1,000× the actual values of θ used to generate mortality.

1,000× the bias of the estimated individual pollutant effects obtained from SPCA. The bias for PCA appears in parentheses.

1,000× the SD of the estimated individual pollutant effects obtained from SPCA. The SD for PCA appears in parentheses.

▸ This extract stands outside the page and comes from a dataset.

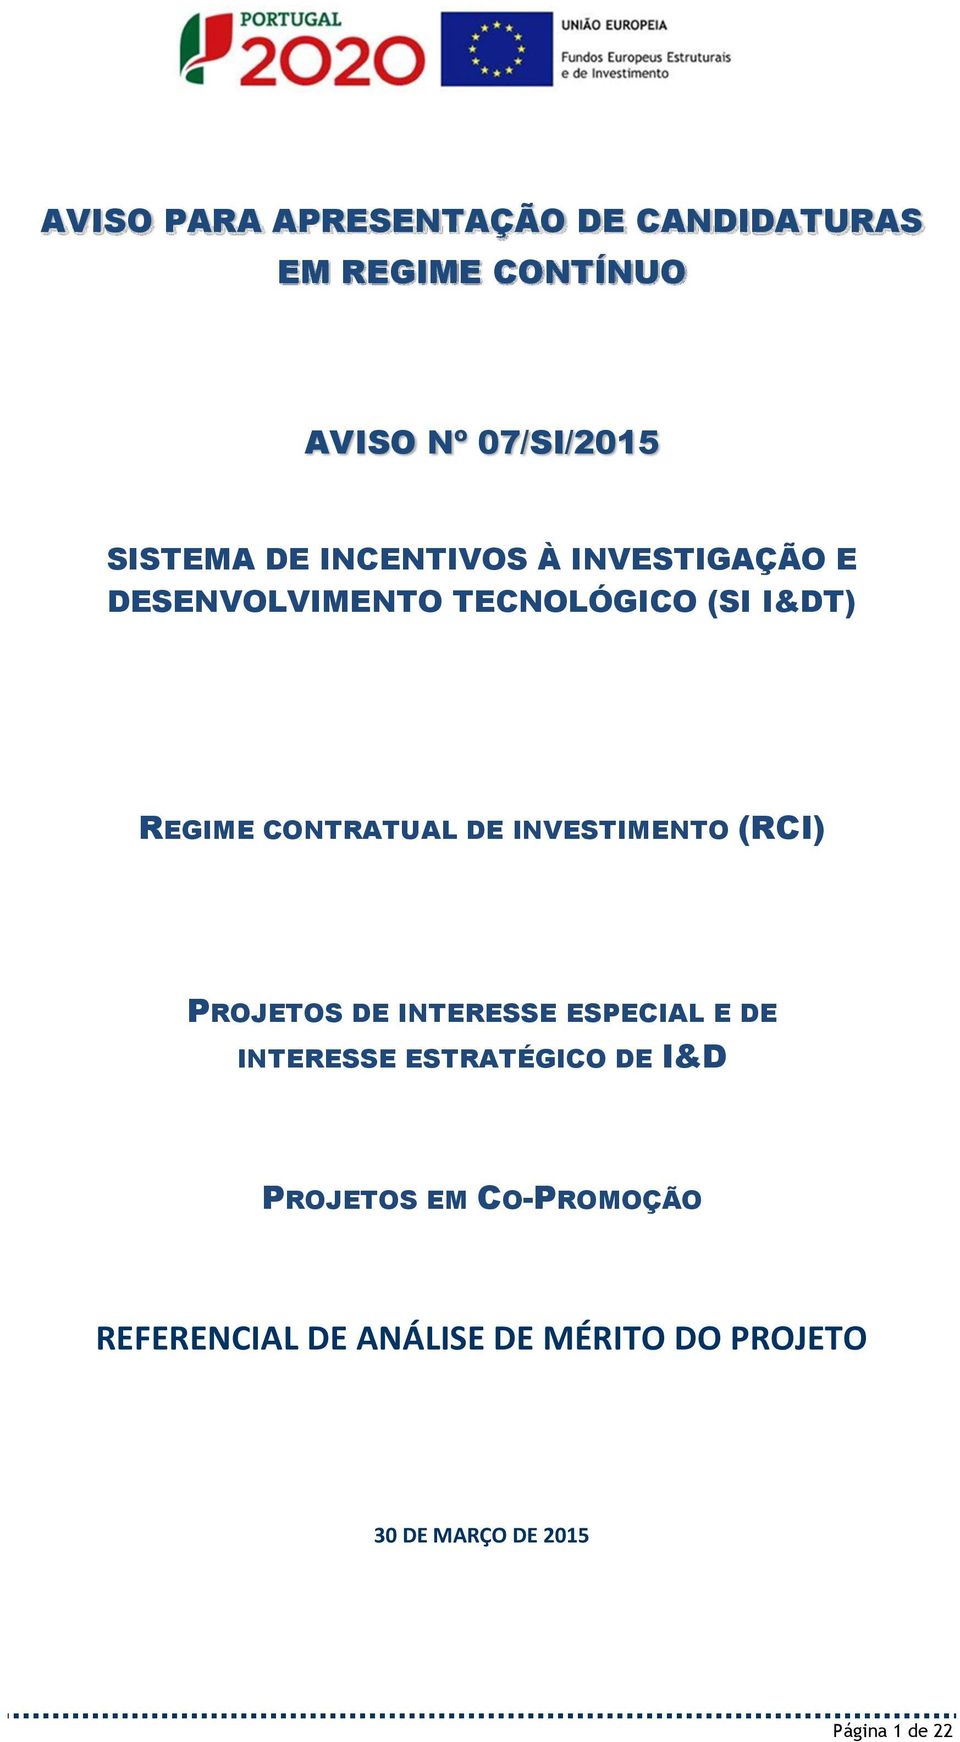 INVESTIMENTO (RCI) PROJETOS DE INTERESSE ESPECIAL E DE INTERESSE ESTRATÉGICO DE I&D

The root-mean-squared error (rmse) is a measure of the average “closeness” of an estimator to the value that is being estimated; smaller values of the rmse correspond to “better” estimators. The rmse values in Table 3 indicate that SPCA produced better estimates or estimates with smaller error in slightly more than half of the cases considered. For these cases the increased variance of the SPCA estimates was more than compensated for by a reduction in bias. Perhaps more important, the rmse values for SPCA were much more stable under different simulation scenarios than the rmse values for PCA; the rmse values for SPCA ranged from 0 to 12.06 with a median of 1.71, whereas the rmse values for PCA ranged from 0.33 to 80.99 with a median of 2.58. This tells us that the benefits of using SPCA instead of PCA, in terms of both bias and the average closeness of the associated estimates to their true values, outweigh the disadvantage in terms of variance alone of using SPCA instead of PCA. This suggests that aside from providing useful information on which pollutants are unrelated to mortality that the SPCA model has the additional benefit over the PCA model of producing estimates with smaller error on average.

Application

In this section the data from the nine cities described previously are used to illustrate the use of the SPCA model compared to the PCA model in the multiple pollutant context. For both models, the confounder adjustments used had the same specification described in the previous section for Model 3. Table 4 contains the results of fitting the models to the data from each city. Table 5 provides correlation matrices of the data from two of the nine cities considered—Cleveland, Ohio, and Nashville, Tennessee. The correlation matrices for these two cities are shown because they correspond to the two cities where the SPCA model retained the least (zero pollutants) and most (four pollutants) pollutants, respectively.

Table 4

Results of fitting PCA and SPCA to the data from nine U.S. cities for 1987–2000.

	Pollutant loadingsa
City	PM₁₀	NO₂	CO	O₃	SO₂	Total effectb
Chicago, IL
SPCA	0	0	0	1	0	0.005 (0.003)
PCA	0.466	0.556	0.45	0.231	0.467	−0.001 (0.003)
Cleveland, OH
SPCA	0	0	0	0	0	0 (0)
PCA	0.496	0.512	0.437	0.351	0.42	−0.002 (0.006)
Denver, CO
SPCA	0	−0.645	−0.678	0.353	0	0.013 (0.004)
PCA	0.484	0.515	0.536	−0.155	0.435	0.014 (0.006)
El Paso, TX
SPCA	0	0.707	0	0.707	0	−0.023 (0.009)
PCA	0.493	0.538	0.573	0.128	0.35	−0.015 (0.01)
Houston, TX
SPCA	0	0	0	0	0	0 (0)
PCA	0.281	0.56	0.516	0.354	0.465	0.002 (0.008)
Jersey City, NJ
SPCA	0.707	0	0	0.707	0	−0.006 (0.015)
PCA	0.487	0.522	0.502	0.046	0.485	−0.004 (0.012)
Nashville, TN
SPCA	0.587	0.568	0.552	0	0.168	−0.023 (0.010)
PCA	0.606	0.542	0.432	0.380	0.094	−0.023 (0.011)
Pittsburgh, PA
SPCA	1	0	0	0	0	0.005 (0.003)
PCA	0.512	0.53	0.486	0.196	0.427	0 (0.004)
Salt Lake City, UT
SPCA	0	0	0	0	0	0 (0)
PCA	0.415	0.54	0.539	−0.105	0.484	−0.022 (0.012)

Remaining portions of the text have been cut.